A movie documenting this story was made in 2015 based on the actual events, and it won the Oscar Award for Best Picture in 2016.

In my opinion, this is probably the only Best Picture Oscar award that was given out in my lifetime, that actually made America a better place, by unleashing the avalanche of victims coming forward to show just how corrupt and powerful the Catholic Church was in American culture.

Be aware that this is NOT a “family friendly” film, as it uses vulgar language with explicit details of deviant sexual behavior, but it is a true story, and it is most likely happening in your neighborhood, or a neighborhood near you, where children are being sexually abused and trafficked.

I watched it years ago when it first came out, and I watched it again this week as I prepared for writing this article.

This film absolutely deserved all the awards that it received. The kind of journalism portrayed in this film is rare to non-existent these days.

One of the horrible things that was uncovered by the Boston Globe in their historic series of articles published back in the early 2000s exposing the pedophile priests, was how the Catholic Church actively participated in the cover-ups of these horrific crimes, by just moving the abusing priests to other dioceses.

In 2017 the Great Falls Tribune published an article about how the worst of these pedophile priests were relocated to Native American communities and reservations, which the Catholic Church used as “dumping grounds.”

Montana reservations reportedly ‘dumping grounds’ for predatory priests
For decades, even lifetimes, the Catholic Church refused to turn in priests with known pasts of sexually abusing children, women and men. The story is known in as many corners of the world as the Catholic Church exists, including Montana’s two dioceses.

In the Pacific Northwest, however, the Catholic Church and the Jesuit Order have been accused of using Indian Reservations as their “dumping grounds” for the worst recidivist priests accused of sexually abusing children throughout the 1900s.

Here, church officials reportedly determined predatory priests could remain undetected.

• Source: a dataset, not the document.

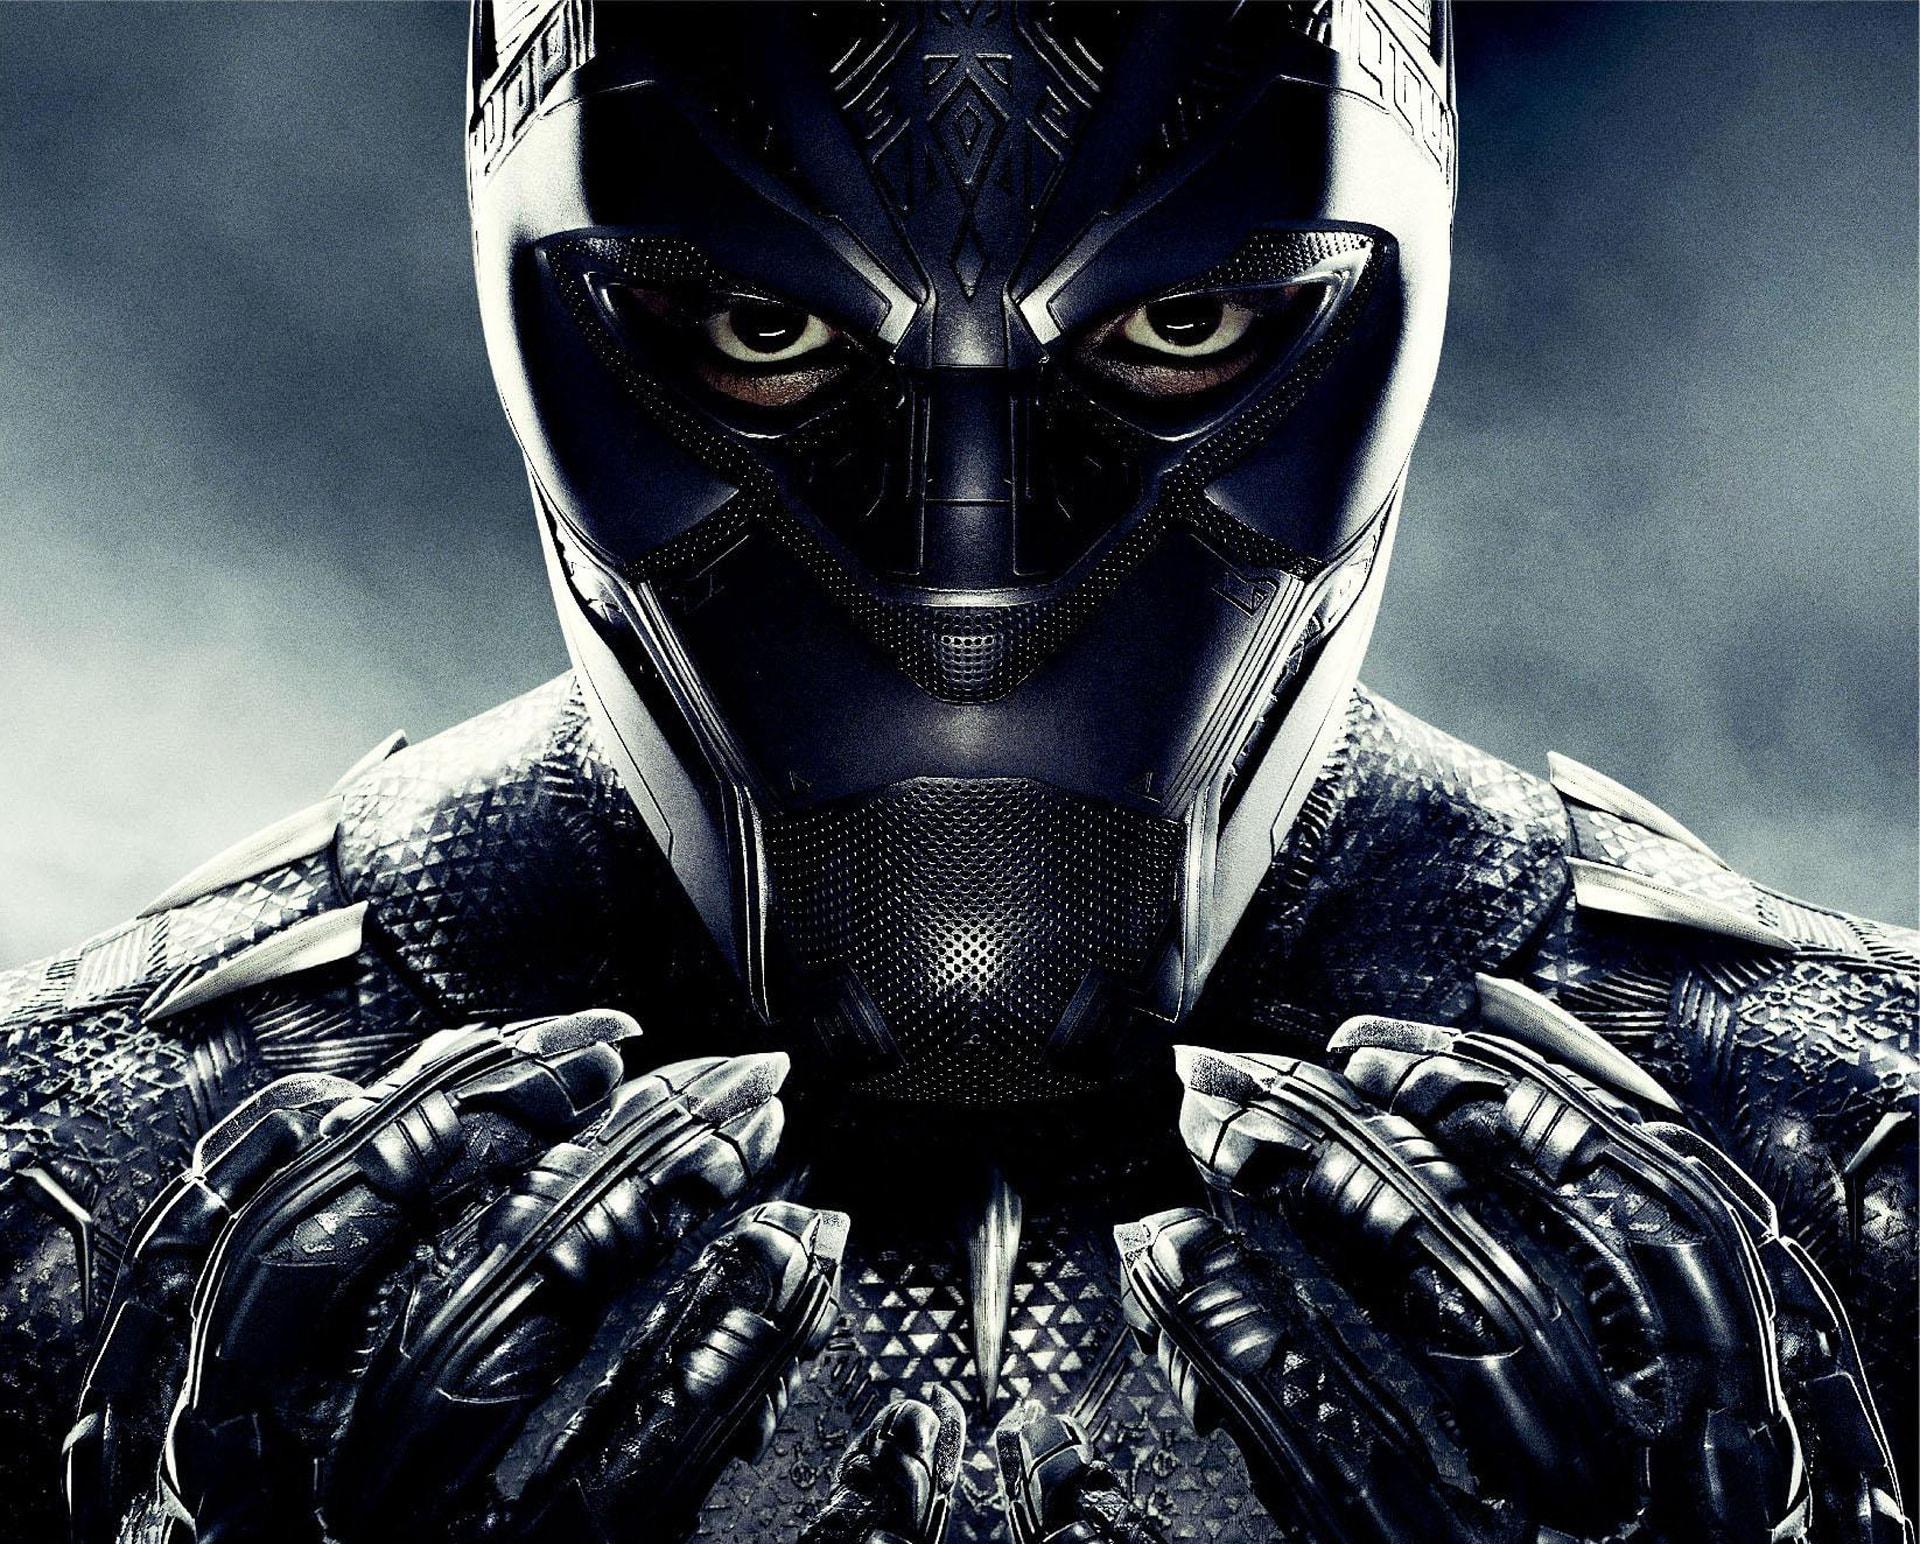 Black Panther Movie Hd Wallpaper

Here, the church acted as an anchor for the communities, and the victims lived with the abuse in silence. (Full article.)

Stop Attending and Supporting the American Christian Church!

Image source.

This brief article is just an update on the horrible problem of pedophile priests in the Catholic Church that was uncovered in 2001 by Spotlight at the Boston Globe.

Back in 2018 we published a much more in depth investigative report on this issue, including how whistleblowing Catholic Priests who have tried to expose this network of pedo priests have often gone missing or ended up dead.

To read much more on this topic see:

The Catholic Church and Pedophilia: Trafficking Children as Sex Slaves
Whistleblowing Priests Killed to Prevent Exposing Pedophilia Problem in the Catholic Church?

And this problem of pedophile clergy is not limited to just the Catholic Church, but is a problem in ALL Christian Churches who have a central authority figure or figures that claim to be more holy than the non-clergy, and are trusted to have access to children.

I have spent more time recently in reporting on the Evangelical Protestant clergy where pedophile pastors are just as prevalent, but even perhaps MORE powerful today than the Catholic Church, due to their ties to the U.S. Government and the military.

Here is a video I just published that shows the depth, and how high up the problem of pedophiles reaches in Evangelical Christianity earlier this week.

This is on our Bitchute channel, and also on our Telegram channel.

We have also previously reported on how child sex abuse is also rampant in the Mormon Church.

As I have previously written, Christianity is a cult, and you will find nothing in the Bible that resembles what the Christian religion has become through the centuries anywhere in the Bible.